++++ STORED DATA

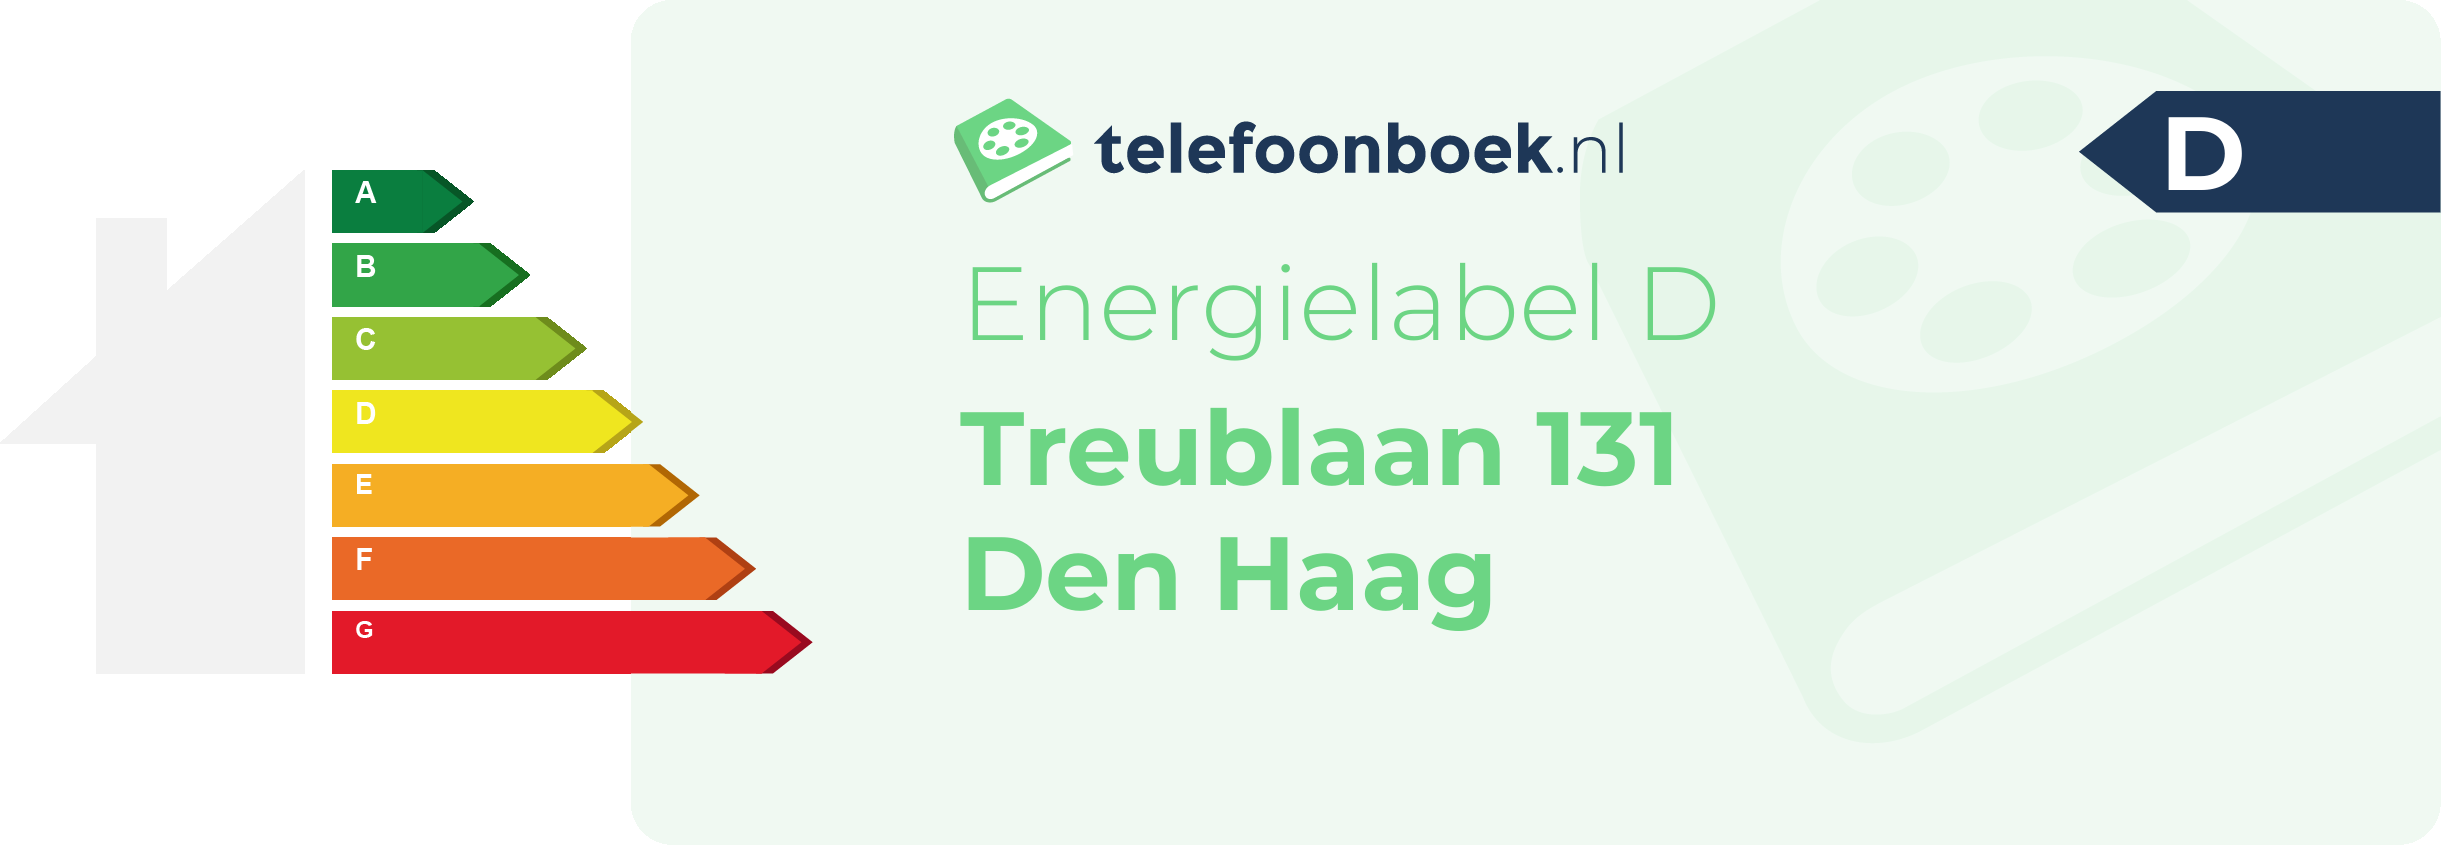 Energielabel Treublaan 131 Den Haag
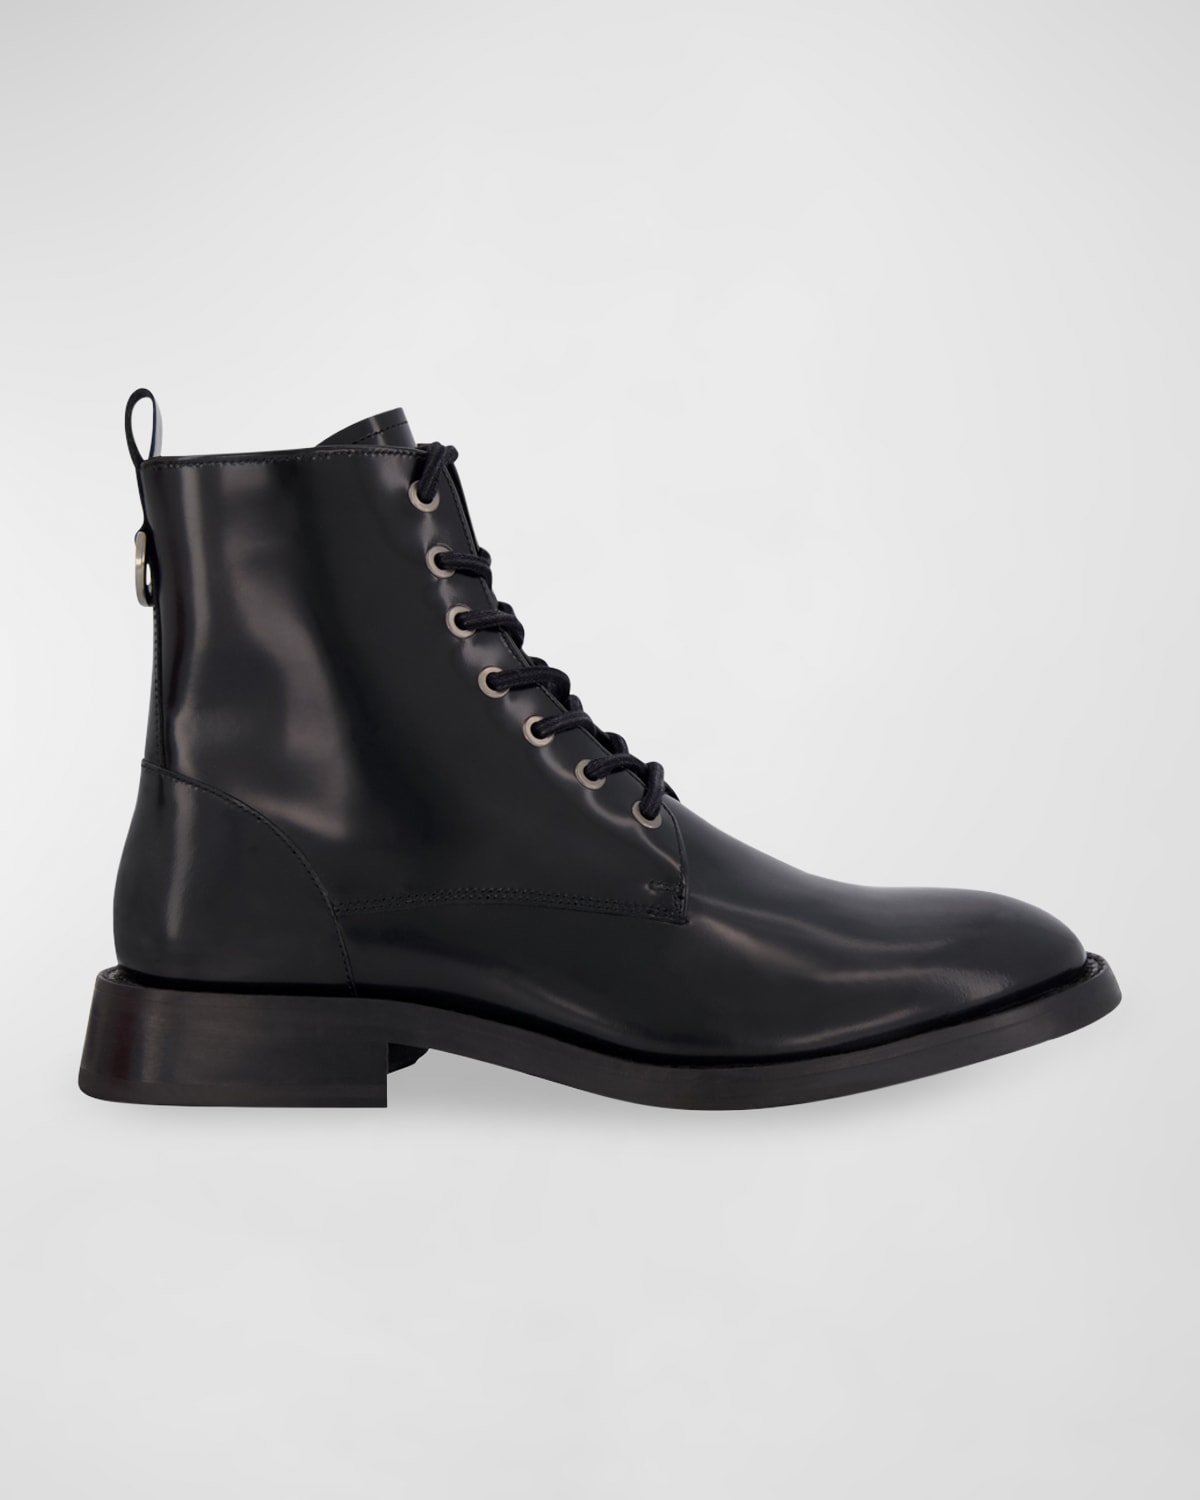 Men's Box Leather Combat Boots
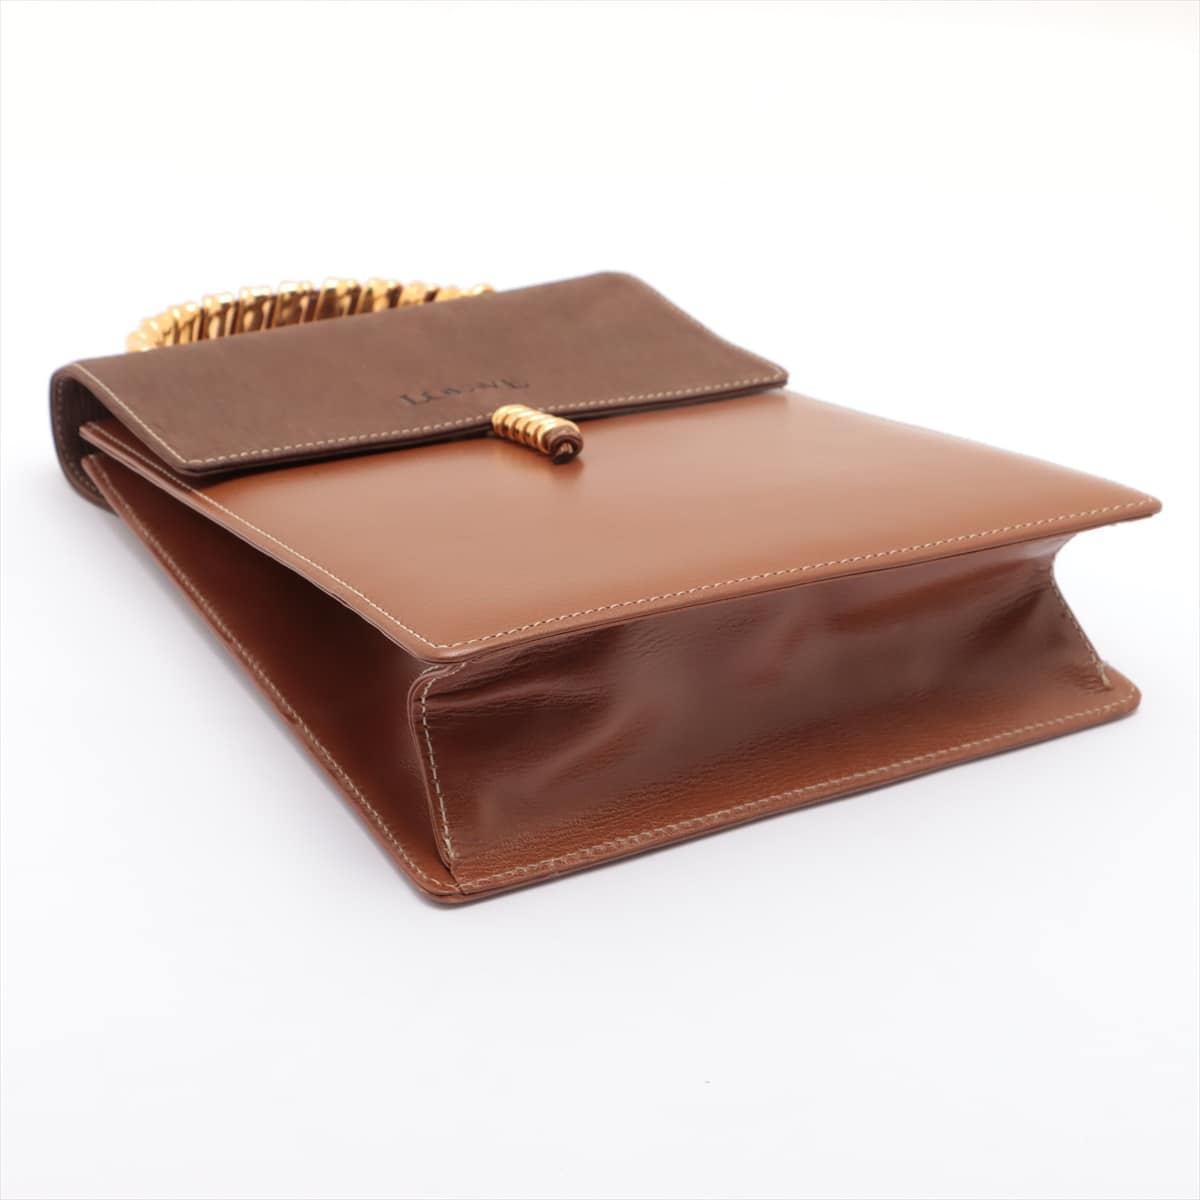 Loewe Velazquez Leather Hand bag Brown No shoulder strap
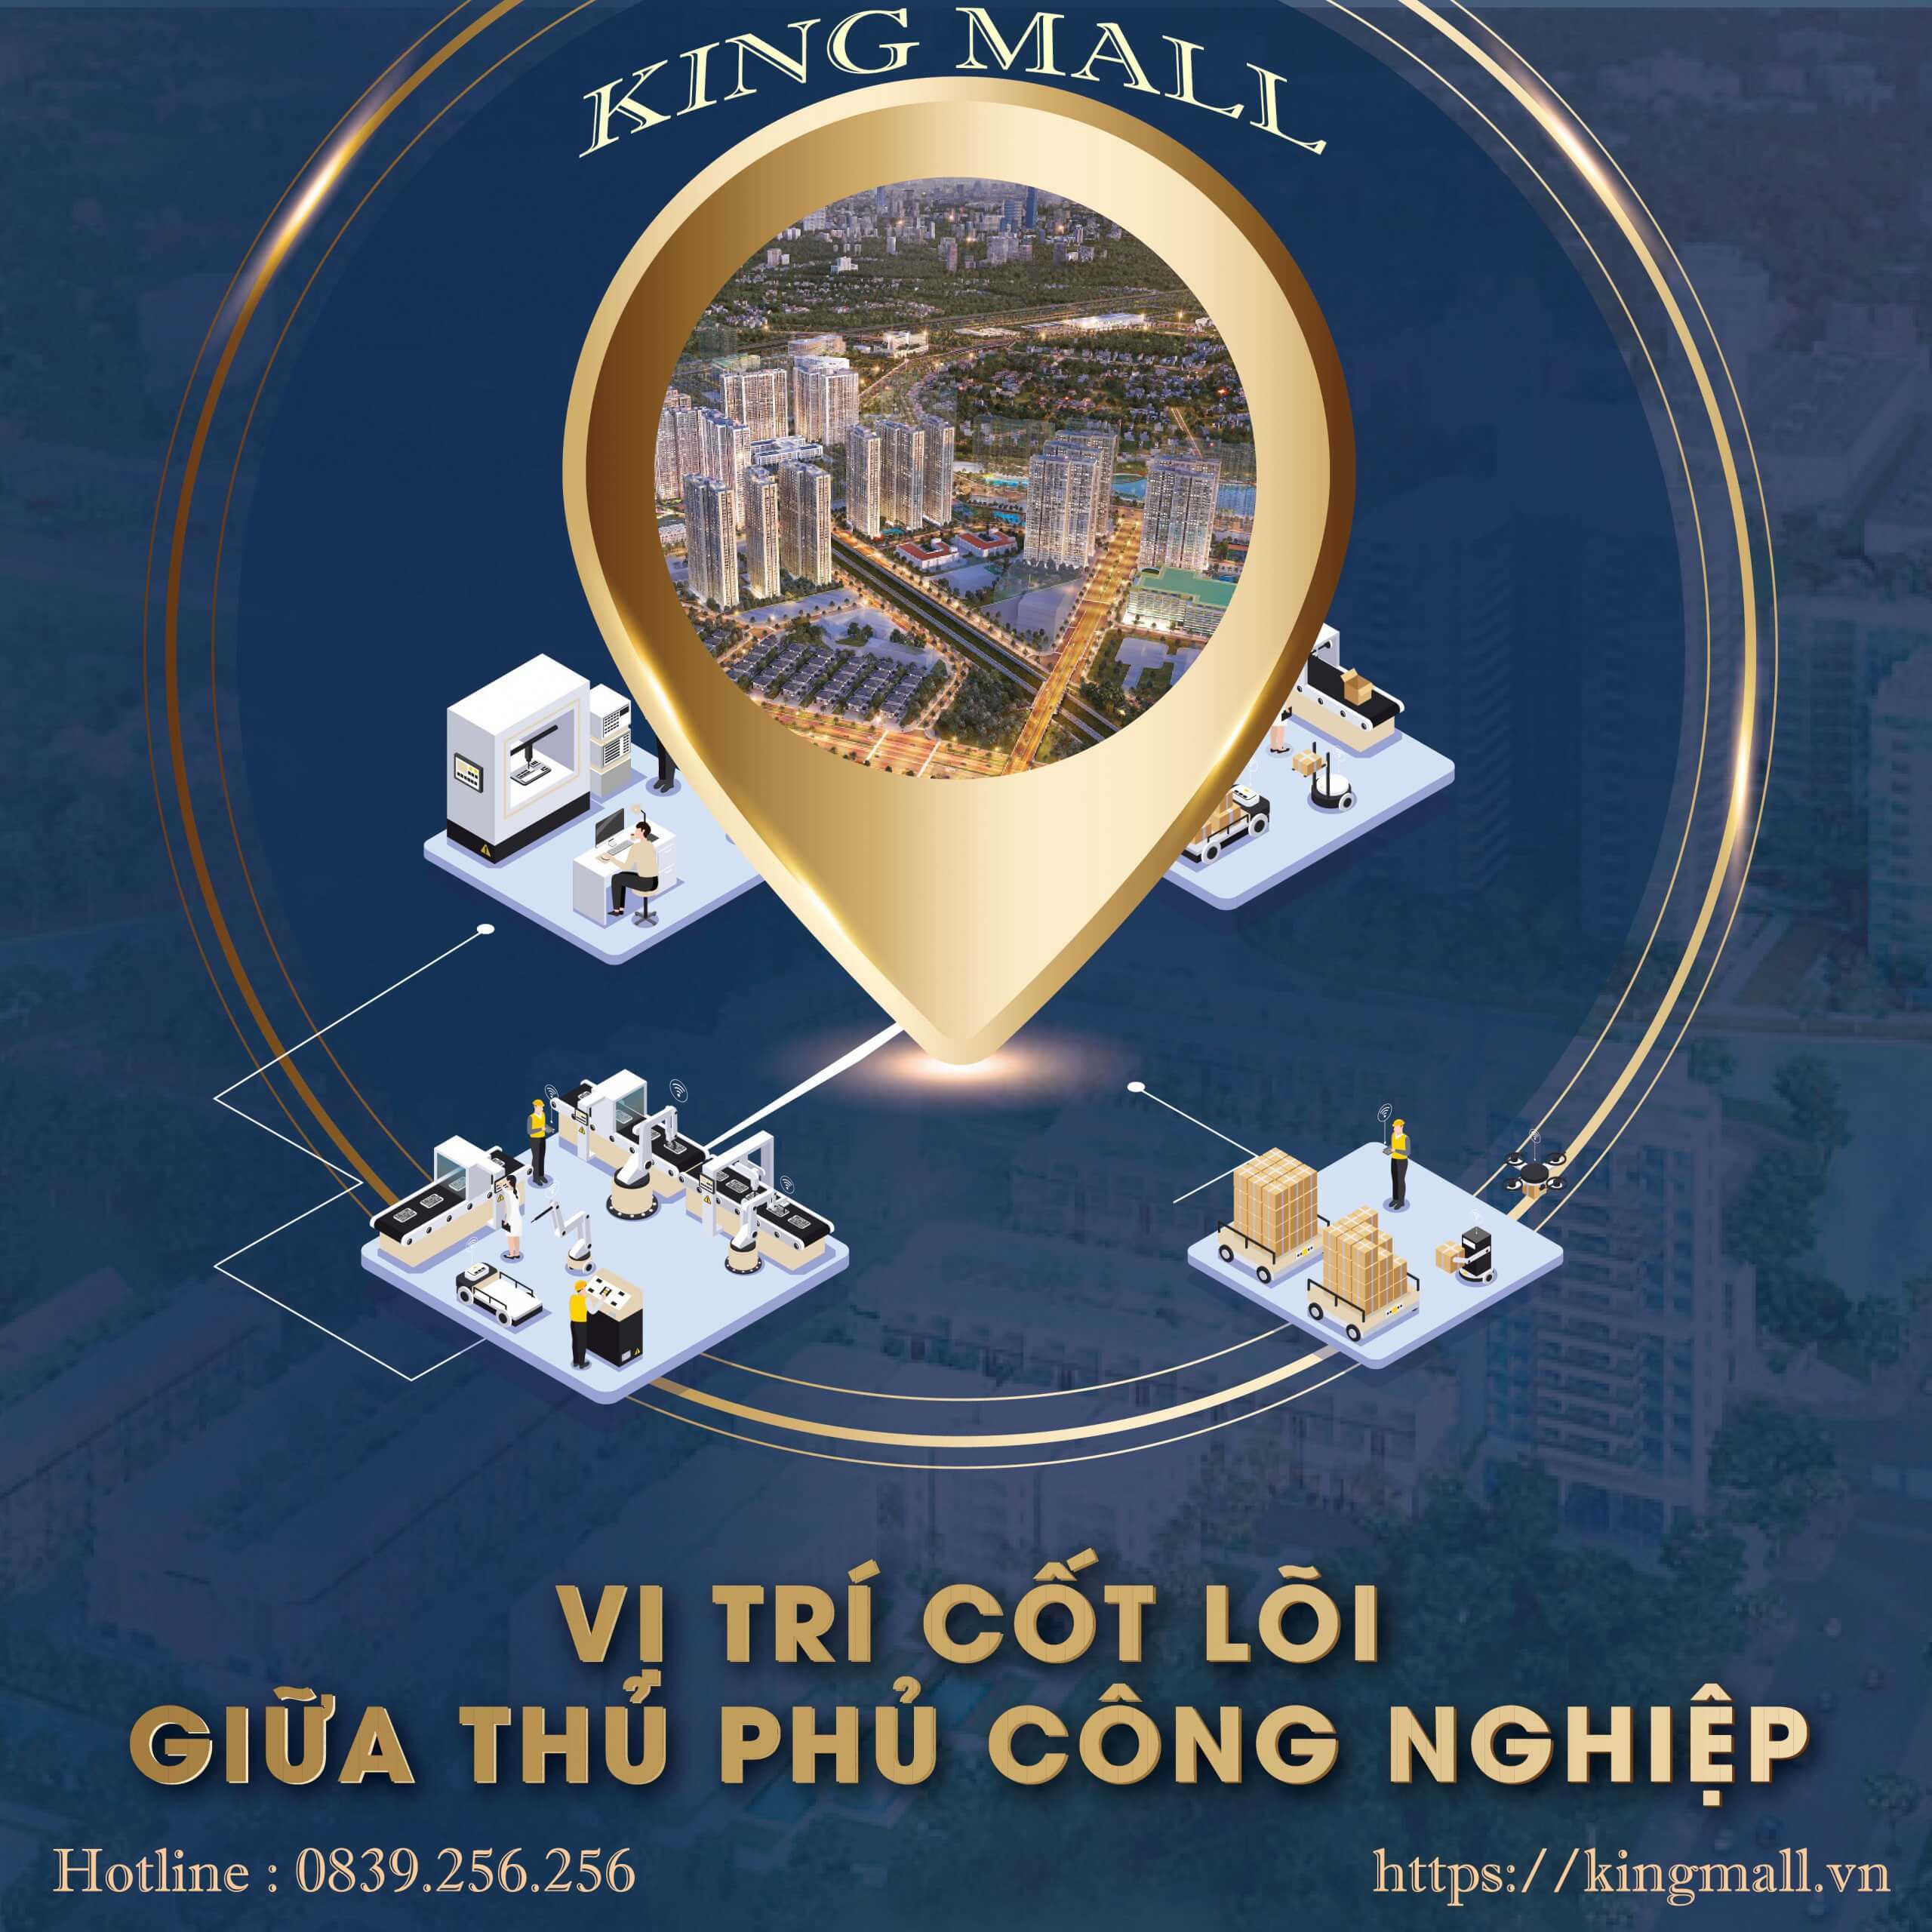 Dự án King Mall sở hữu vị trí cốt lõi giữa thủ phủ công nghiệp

++++++++

• TASK DIRECTIONS: Leaving out every picture, extract verbatim the lines from the one containing "Men's Box Leather Combat Boots" through the last line of the listing, inclusive.

• SOLVED EXERCISE:
 Men's Box Leather Combat Boots
 Loewe Velazquez Leather Hand bag Brown No shoulder strap
 Dự án King Mall sở hữu vị trí cốt lõi giữa thủ phủ công nghiệp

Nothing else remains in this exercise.